Economic stimulus, can it overcome the budget deficit?

KN-JAKARTA, It’s common knowledge that state finances are in dire straits. Spending is bloated, but coffers are tight. In the interim realization report for the 2025 State Budget, released last January, state revenues amounted to IDR 2,756.3 trillion, or 91.7 percent of the planned amount. Meanwhile, spending reached IDR 3,451.4 trillion, or 95.3 percent of the planned amount. As a result, a deficit of IDR 695.1 trillion occurred.

This deficit figure is equivalent to 2.92 percent of gross domestic product (GDP). According to Law Number 17 of 2003 concerning State Finances, this deficit is still below the maximum threshold of 3 percent.

In other words, it’s still safe. However, when compared to the 2025 State Budget target, which sets a deficit of 2.78 percent of GDP, the actual figure has widened, almost exceeding the safe limit.

This situation is a concern for many. On the one hand, President Prabowo Subianto refuses to curb spending on his planned projects, such as free nutritious meals, defense spending, funding for red and white village cooperatives, or major projects to be carried out under the umbrella of the Daya Anagata Nusantara Investment Management Agency (Danantara).

This year, the government will disburse Rp 3,842 trillion in state spending, an 8.9 percent increase compared to the 2025 target.

On the other hand, the realization of the Rp 3,153.6 trillion state revenue target, a 10 percent increase from the 2025 outlook, remains questionable. This is especially true with statements from economists, entrepreneurs, and company executives about the sluggish economy.

When the economy slows, tax revenues are certain to be limited unless the government finds new revenue sources. This is where the deficit could potentially exceed the established limit, requiring the government to borrow more to cover it.

The state budget is at risk of a deficit if the war between the United States and Israel and Iran escalates. The surge in global oil prices has forced the government to cover the difference in energy subsidies and compensation.

In the 2026 State Budget macroeconomic assumptions, the oil price projection was set at US$70 per barrel. However, on March 3 and 4, 2026, global oil prices surpassed US$80 per barrel, an increase from the US$70 per barrel at the start of the aggression on Saturday, February 27, 2026.

The war in the Middle East has disrupted the global logistics supply chain. Not only oil prices but the entire global community will also be affected, leading to price increases and increased inflation.

Finance Minister Purbaya Yudhi Sadewa estimates that economic growth in the second quarter of 2026 could reach 5.7 percent. He stated that the government is ready to provide stimulus from various sources if signs of an economic slowdown appear.

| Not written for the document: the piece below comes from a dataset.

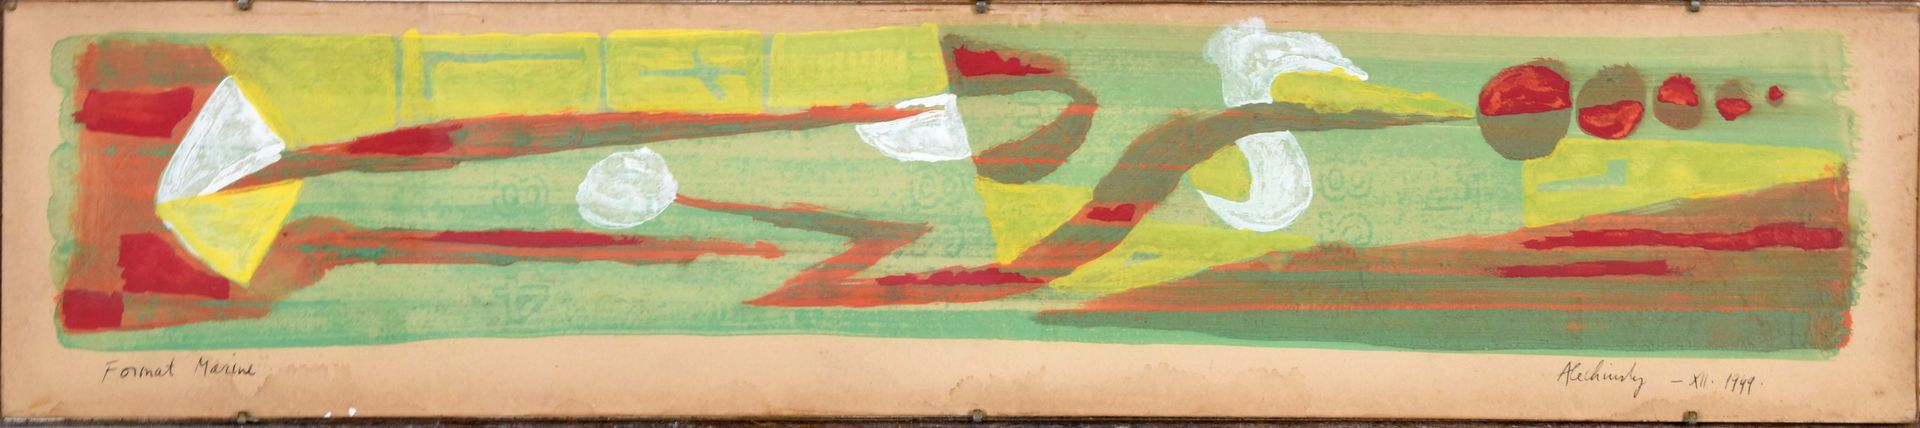 Pierre Alechinsky (1927). 海洋格式，1949 年。纸上水粉画，右下方有签名。尺寸：14 x 65 厘米
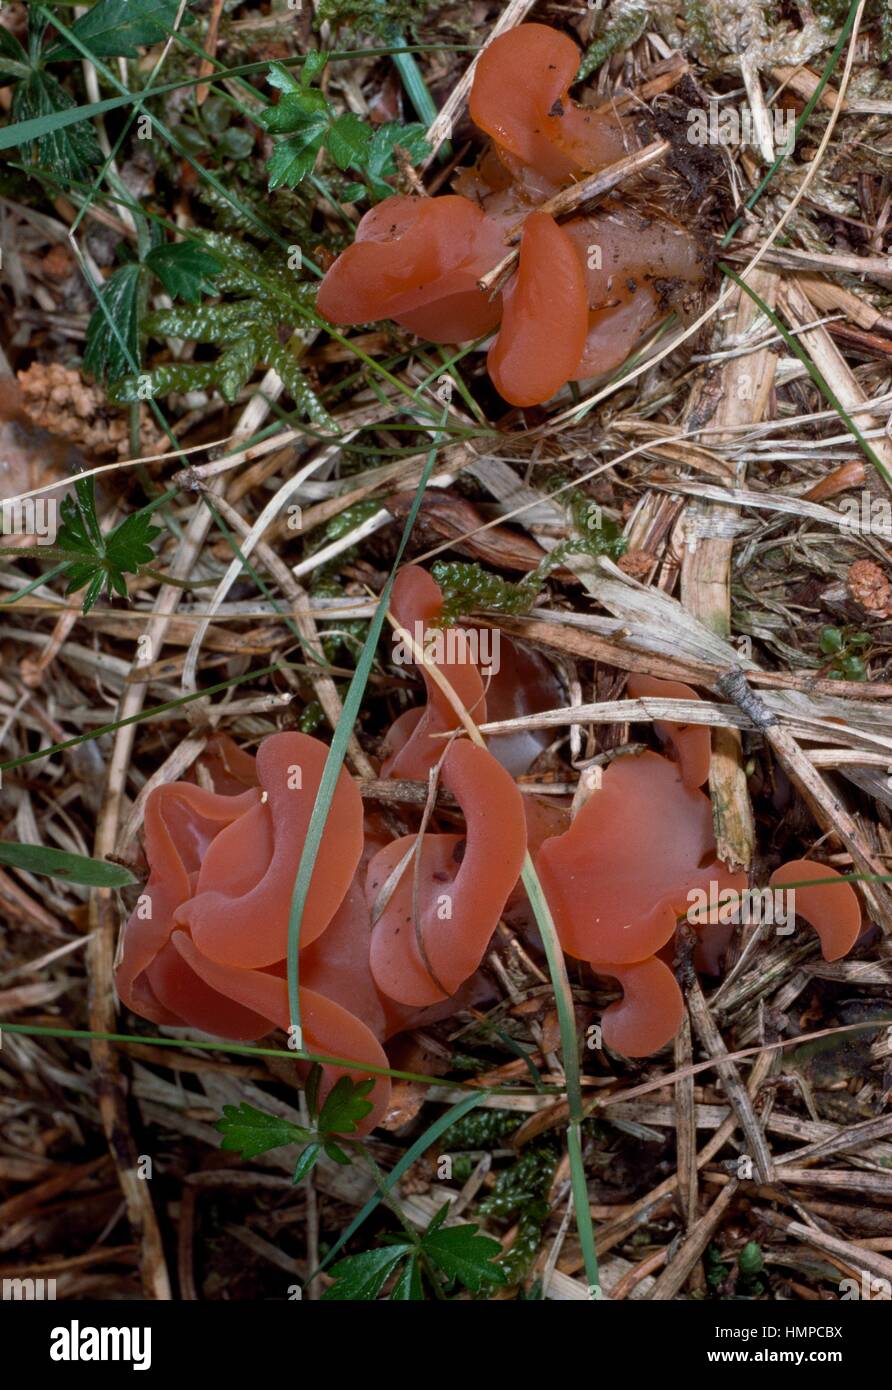 Gelée d'abricot (Tremella helvelloides ou Guepinia rufa), Dacrymycetaceae. Banque D'Images

In addition to providing stimulus, Purbaya is open to accelerating the realization of spending by ministries and agencies, which is still running slowly. This accelerated spending is considered to accelerate the flow of funds into the economic system while maintaining growth momentum in the second quarter.

The 2026 State Budget was previously approved with total state spending of IDR 3,842.7 trillion. Meanwhile, state revenues were targeted at IDR 3,153.6 trillion, with a budget deficit of IDR 689.1 trillion (2.68 percent of gross domestic product).

Throughout the first quarter of 2026, realized state revenues were IDR 574.9 trillion, while state spending was IDR 815 trillion. Therefore, the State Budget for the first three months of 2026 experienced a deficit of IDR 240.1 trillion, equivalent to 0.93 percent of GDP.

Meanwhile, Deputy Minister of Finance Juda Agung expressed optimism at Bank Indonesia (BI) headquarters in Jakarta on Monday, April 27, 2026, that the Indonesian economy would grow 5.5 percent in the first quarter, an increase from 5.39 percent in the previous quarter. The government will release quarterly economic growth data on May 5.

He stated that the reason behind this confidence is the increase in state revenues, particularly taxes. Juda stated that, on average, from the beginning of the year to March 2026, tax revenue grew by 20.3 percent.

This growth was primarily driven by a 57.7 percent increase in value-added tax (VAT) and luxury goods sales tax (PPnBM). These indicators, Juda said, indicate that economic activity, both consumption and industrial or business transactions, is growing quite well.